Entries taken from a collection
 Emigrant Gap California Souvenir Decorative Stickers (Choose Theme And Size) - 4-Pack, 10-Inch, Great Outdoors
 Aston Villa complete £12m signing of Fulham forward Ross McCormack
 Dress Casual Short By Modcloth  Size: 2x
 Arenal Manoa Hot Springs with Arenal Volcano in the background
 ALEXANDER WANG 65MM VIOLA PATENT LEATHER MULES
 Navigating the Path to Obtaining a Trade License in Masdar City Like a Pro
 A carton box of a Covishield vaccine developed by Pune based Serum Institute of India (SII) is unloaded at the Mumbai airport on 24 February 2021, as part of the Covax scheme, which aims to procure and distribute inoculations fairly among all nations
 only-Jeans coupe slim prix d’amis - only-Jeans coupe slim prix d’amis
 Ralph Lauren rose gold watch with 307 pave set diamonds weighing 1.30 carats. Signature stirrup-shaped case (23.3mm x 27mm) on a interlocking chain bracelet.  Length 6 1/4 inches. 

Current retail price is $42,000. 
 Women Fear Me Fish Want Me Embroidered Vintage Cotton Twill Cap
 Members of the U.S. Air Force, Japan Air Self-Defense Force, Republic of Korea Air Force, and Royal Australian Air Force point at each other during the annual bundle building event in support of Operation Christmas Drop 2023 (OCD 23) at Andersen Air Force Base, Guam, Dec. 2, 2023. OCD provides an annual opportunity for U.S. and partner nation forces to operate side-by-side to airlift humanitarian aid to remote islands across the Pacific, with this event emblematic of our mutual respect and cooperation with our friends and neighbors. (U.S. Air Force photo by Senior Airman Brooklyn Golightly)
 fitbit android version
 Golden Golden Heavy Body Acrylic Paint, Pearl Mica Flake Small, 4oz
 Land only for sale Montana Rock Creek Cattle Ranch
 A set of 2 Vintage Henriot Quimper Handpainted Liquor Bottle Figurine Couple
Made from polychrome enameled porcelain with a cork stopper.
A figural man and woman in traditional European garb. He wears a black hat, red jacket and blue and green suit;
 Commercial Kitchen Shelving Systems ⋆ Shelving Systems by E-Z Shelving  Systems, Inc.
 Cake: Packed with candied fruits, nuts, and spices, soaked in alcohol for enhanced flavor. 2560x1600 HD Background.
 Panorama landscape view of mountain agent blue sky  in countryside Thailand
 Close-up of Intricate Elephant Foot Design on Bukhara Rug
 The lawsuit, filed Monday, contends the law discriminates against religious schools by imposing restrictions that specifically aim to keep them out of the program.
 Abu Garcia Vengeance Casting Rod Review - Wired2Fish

* Task to complete
Nothing but the lines from the beginning of the records through the line with "Land only for" should appear, each printed exactly.

* Solution to the exercise
 Emigrant Gap California Souvenir Decorative Stickers (Choose Theme And Size) - 4-Pack, 10-Inch, Great Outdoors
 Aston Villa complete £12m signing of Fulham forward Ross McCormack
 Dress Casual Short By Modcloth  Size: 2x
 Arenal Manoa Hot Springs with Arenal Volcano in the background
 ALEXANDER WANG 65MM VIOLA PATENT LEATHER MULES
 Navigating the Path to Obtaining a Trade License in Masdar City Like a Pro
 A carton box of a Covishield vaccine developed by Pune based Serum Institute of India (SII) is unloaded at the Mumbai airport on 24 February 2021, as part of the Covax scheme, which aims to procure and distribute inoculations fairly among all nations
 only-Jeans coupe slim prix d’amis - only-Jeans coupe slim prix d’amis
 Ralph Lauren rose gold watch with 307 pave set diamonds weighing 1.30 carats. Signature stirrup-shaped case (23.3mm x 27mm) on a interlocking chain bracelet.  Length 6 1/4 inches. 

Current retail price is $42,000. 
 Women Fear Me Fish Want Me Embroidered Vintage Cotton Twill Cap
 Members of the U.S. Air Force, Japan Air Self-Defense Force, Republic of Korea Air Force, and Royal Australian Air Force point at each other during the annual bundle building event in support of Operation Christmas Drop 2023 (OCD 23) at Andersen Air Force Base, Guam, Dec. 2, 2023. OCD provides an annual opportunity for U.S. and partner nation forces to operate side-by-side to airlift humanitarian aid to remote islands across the Pacific, with this event emblematic of our mutual respect and cooperation with our friends and neighbors. (U.S. Air Force photo by Senior Airman Brooklyn Golightly)
 fitbit android version
 Golden Golden Heavy Body Acrylic Paint, Pearl Mica Flake Small, 4oz
 Land only for sale Montana Rock Creek Cattle Ranch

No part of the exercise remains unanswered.